Great info. Thx.
However, "Fans do little to no work at speed"???
That is hard for me to swallow. For one, combined with their cowls they concentrate the cooling airflow in a way that passive vehicle-motion can't match. Put another way, I would guess that the "concentrated" airflow occurring at 3-fan high is similar to a driving-speed of >70mph.
To precisely measure and record, I set my dog on top of the engine, cranked the fans, and measured the angle of her ear-sweep: yup, exactly 73mph.
But everything else makes theoretical sense.
- Yeah, the rad-cowl is tight and the perimeter is sealed between layers; very little cooling loss.
- Re Oil temps: during these coolant spikes I've been wishing I had an oil temp gauge. However, the OEM turbo was also oil-lubed/cooled (obviously) so I don't see how the Garrett 2560, with the addition of antifreeze cooling, would be causing out-of-spec oil temp spikes.
- Re oil-fouling of intercooler and/or Rad... When the CRD's original turbo started blowing (over 2 years ago) I did thoroughly flow-clean all oil-fouled hoses & Intercooler with Mighty Dawn. This time, I cleaned the hoses but haven't yet pulled the icooler for a flow.
- Thermo: I suppose the uppity unit might be "cool" because I could, presumably, just leave the thermo insert out to confirm constant-flow through rad and observe results. If still spiking the Rad would become the standout suspect.
- Running lean? Hmmm... if anything, rich. It wasn't until three weeks ago that my index finger discovered mild compressor rotational resistance, ergo the turbo has not been spinning at max efficiency for 'some time'. That revelation makes me think that my black-smoke Sierra ascents in February-March were an underboost (w/299 Code) rich-mix issue.
Stupidly ironic, given that Mr. Ozone here installed a cat when converting to 3" exhaust
Anyway, I have been waiting until I successfully stabilize my temp/snorkel-filter-intake/2-battery setup to solicit custom flashes from Los Genios. I did one of the basic flashes to adios the egr code; that flash also seemed to noticeably enhance overall performance (looking forward to others). The chronic 299 came a bit later.
Noteworthy: As the "rebuilt" turbo was dying last week the ECU started throwing a "MAF Circuit High" code. I inspected the cable & connector and cleaned the MAF. During, I realized that I may have had my fabricator orient the MAF 90-off inside the intake. Now, the MAF's plate is parallel, not perp, to airflow through intake tube. Whoops; Beer Engineer demoted (again). Interestingly, I flipped the already-disoriented MAF 180 and adios code.

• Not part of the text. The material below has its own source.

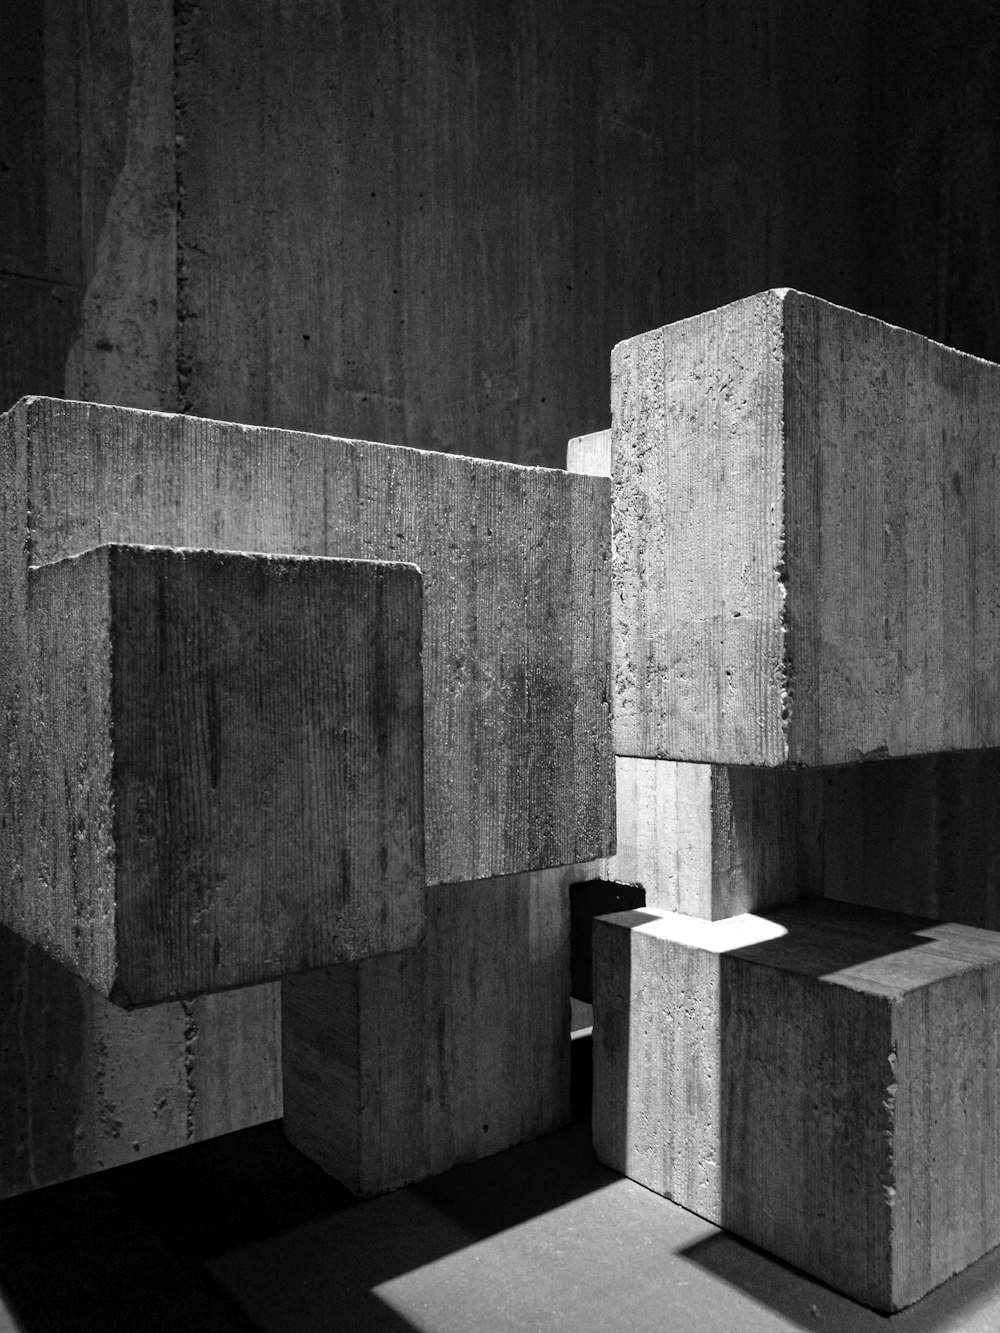 fotografía en escala de grises de bloques de hormigón

Today I pulled the turbo, and will ship it out to Dieselsite for proper rebuilding. The Wicked Wheel compressor and Garrett turbine are completely destroyed. Ug-ly!
I'm expecting that the 2560's housing is toast, too; hard to imagine those cartridge components not filing their surrounding surfaces beyond salvage.
The local kid who screwed-up the rebuild said his supplier in Mex City will cough-up a "new genuine Garrett" cartridge at no cost. I will be shipping that to dieselsite next week: it'll be VERY interesting whether Dsite confirms the cartridge's authenticity (same goes for dead one in turbo).
I am going to plead with Garrett and Dsite to cut me some slack on replacement costs. After all, the new turbo (w/wicked mod) started failing in less than 10k miles. Granted, I do drive like a Sicilian Nona (by N. American standards = maniac), while the turbo has also been subject to sporadic coolant spikes.
The kid says he only profited $120 on the rebuild, so that's what I'm expecting him to refund. No way should I be paying for his education. Can't handle the job? Don't take it. Basic.
Money burned? Yeah; neck-deep in ashes.